Une ombre au tableau pourtant : la guerre commerciale que se livrent les Etats-Unis et la Chine qui pourrait avoir des retombées sur ce secteur, étroitement lié aux chiffres du tourisme.

Les « anciens » fleurons toujours dans la course

Quel est le dénominateur commun à LVMH, Kering ou encore Hermès ? Les grands noms du marché du luxe, appelés aussi les KHOL (Kering, Hermès, L’Oréal et LVMH), font rayonner la France à l’étranger depuis plus d’un siècle. Ils ont su à la fois préserver leur image de marque tout en gardant un savoir-faire ancré dans la modernité.

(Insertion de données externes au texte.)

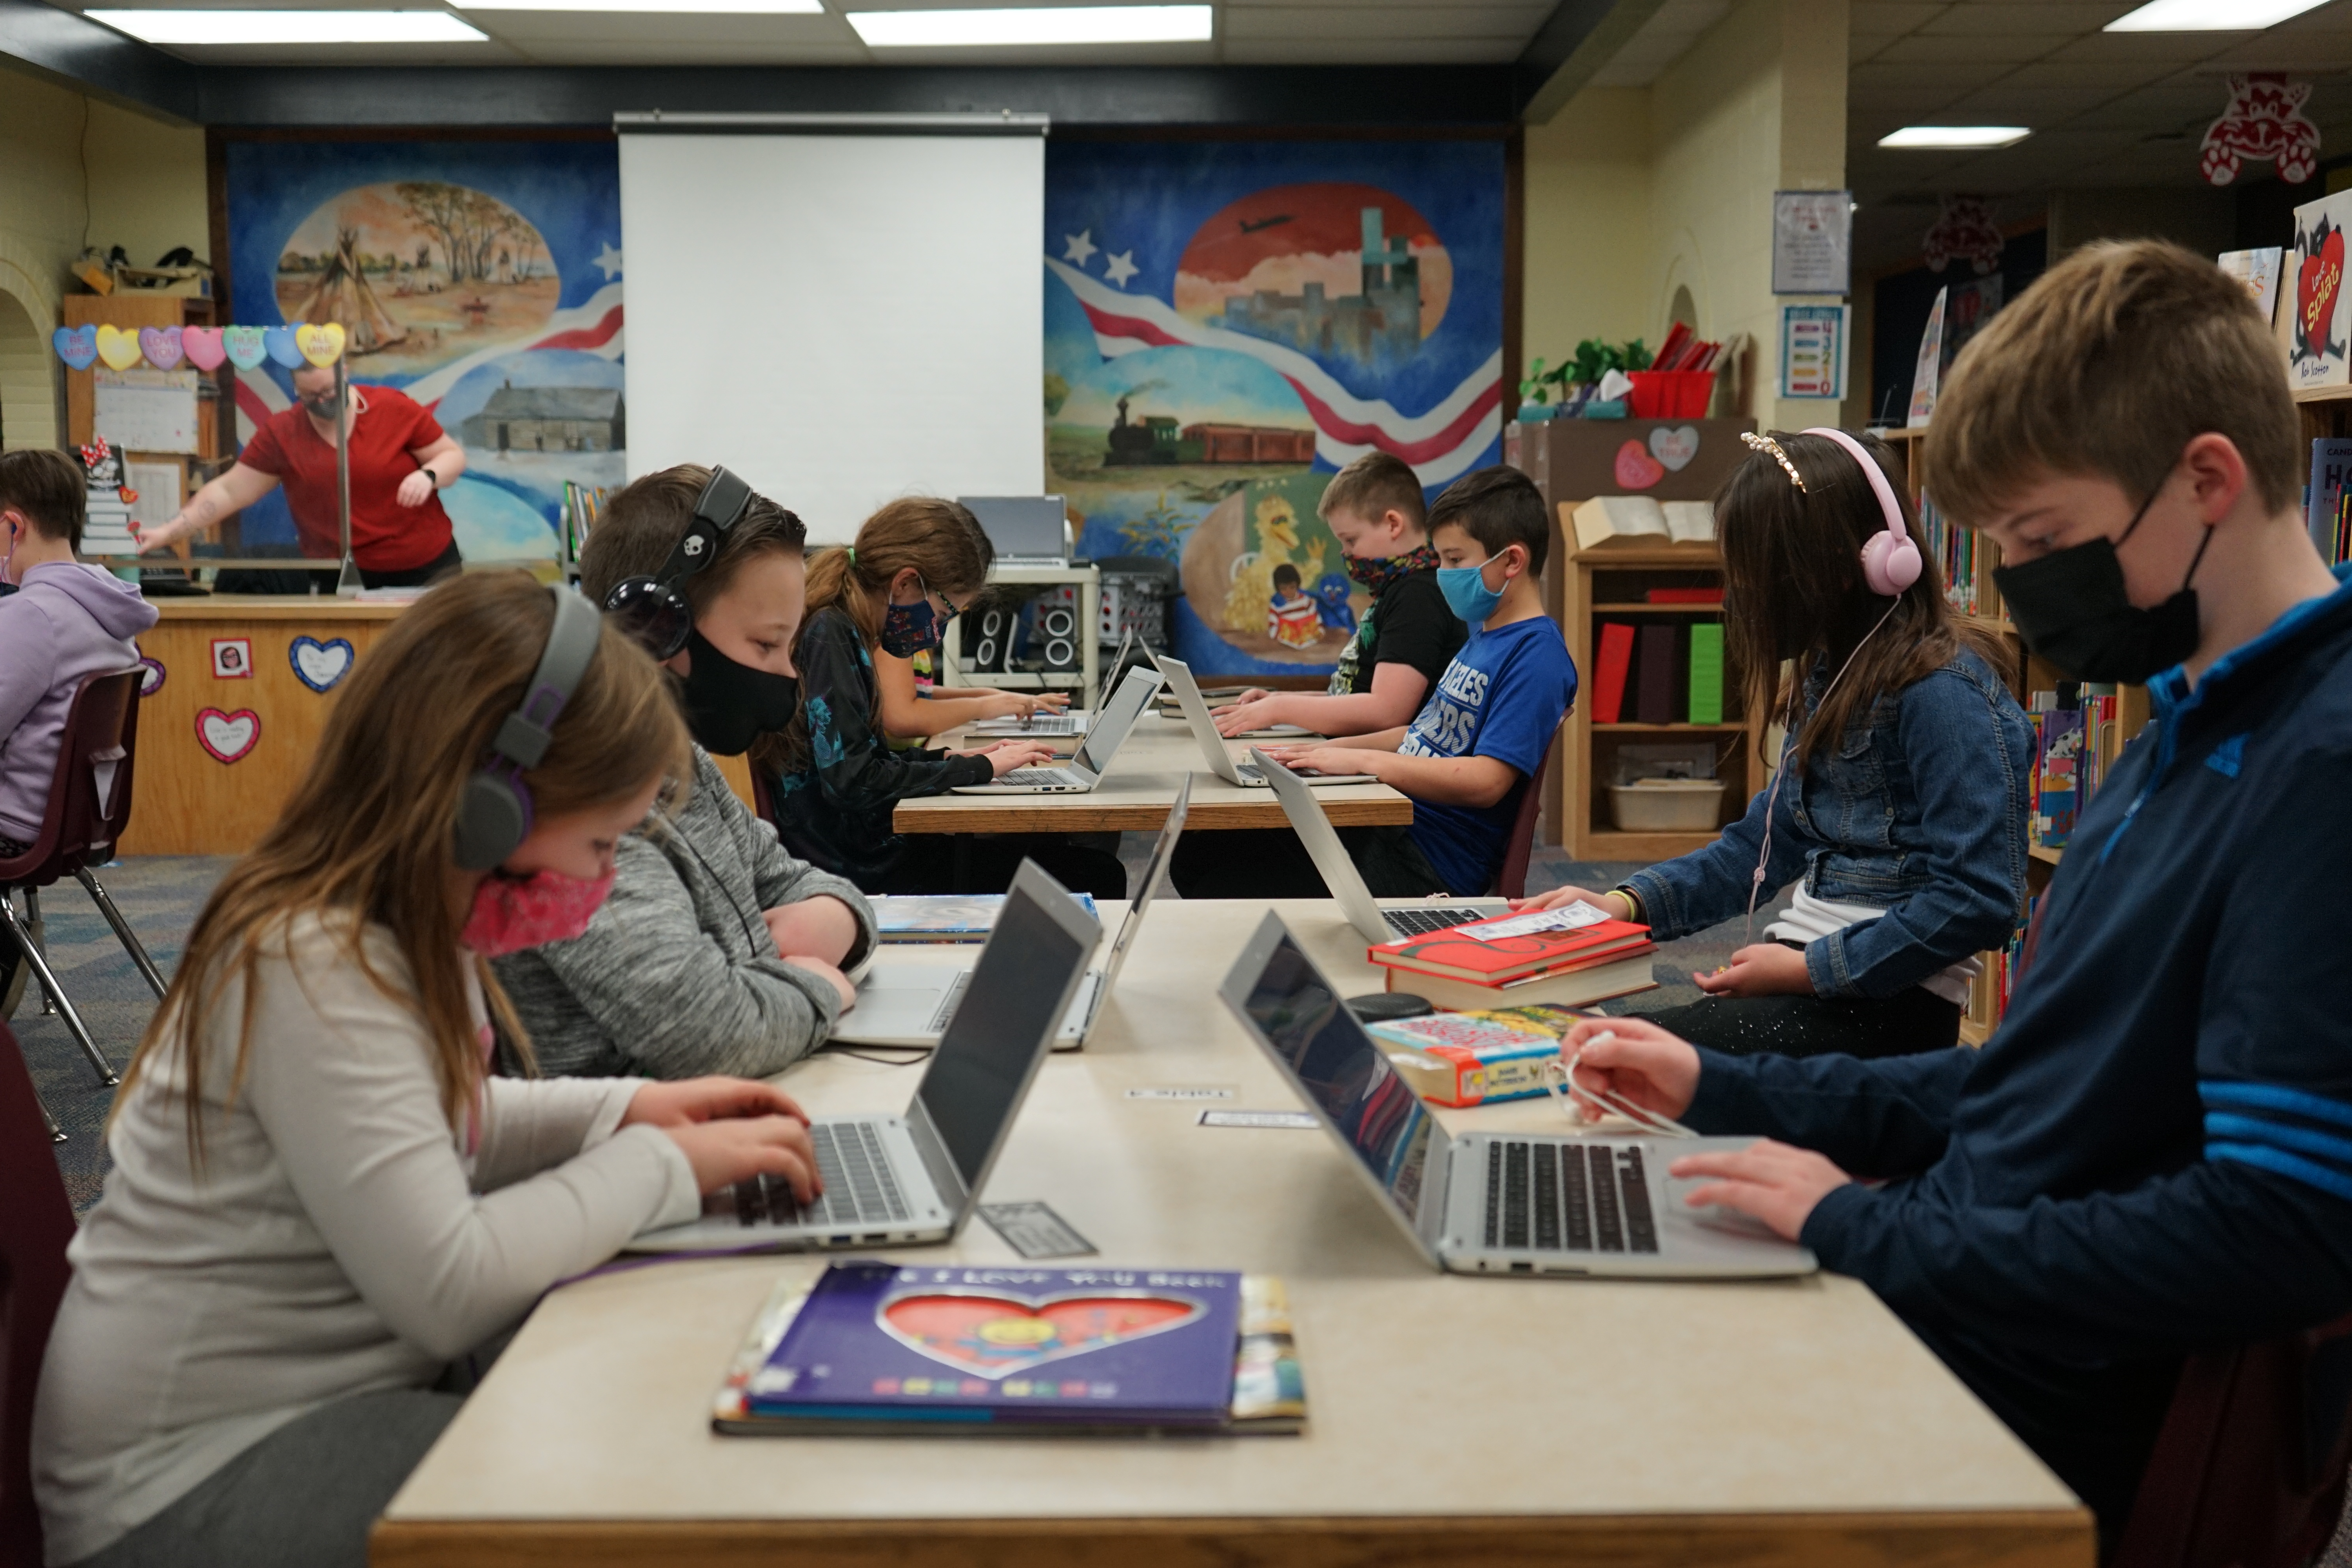 Washington Elementary Students On Computers In The Library

Récemment, un certain Michael Burke, nouveau Pdg de LVMH (Louis Vuitton, Moët Hennessy ou encore Fendi), a donné un sérieux coup de jeune à la maison aux 70 marques. Un peu à la manière de la créatrice Agnès B, Burke a encouragé le rachat et le lancement de jeunes marques ultra-connectées. A 62 ans, il a su trouver la bonne stratégie pour parler aux jeunes adultes et, du même coup, réussi son pari d’ouvrir sa maison à une nouvelle génération de consommateurs.

Preuve en est le choix de lancer avec la diva de la pop Rihanna une nouvelle marque de luxe englobant prêt-à-porter et maroquinerie, qui bouscule les codes d’une industrie parfois classique. Son siège se trouvera à Paris.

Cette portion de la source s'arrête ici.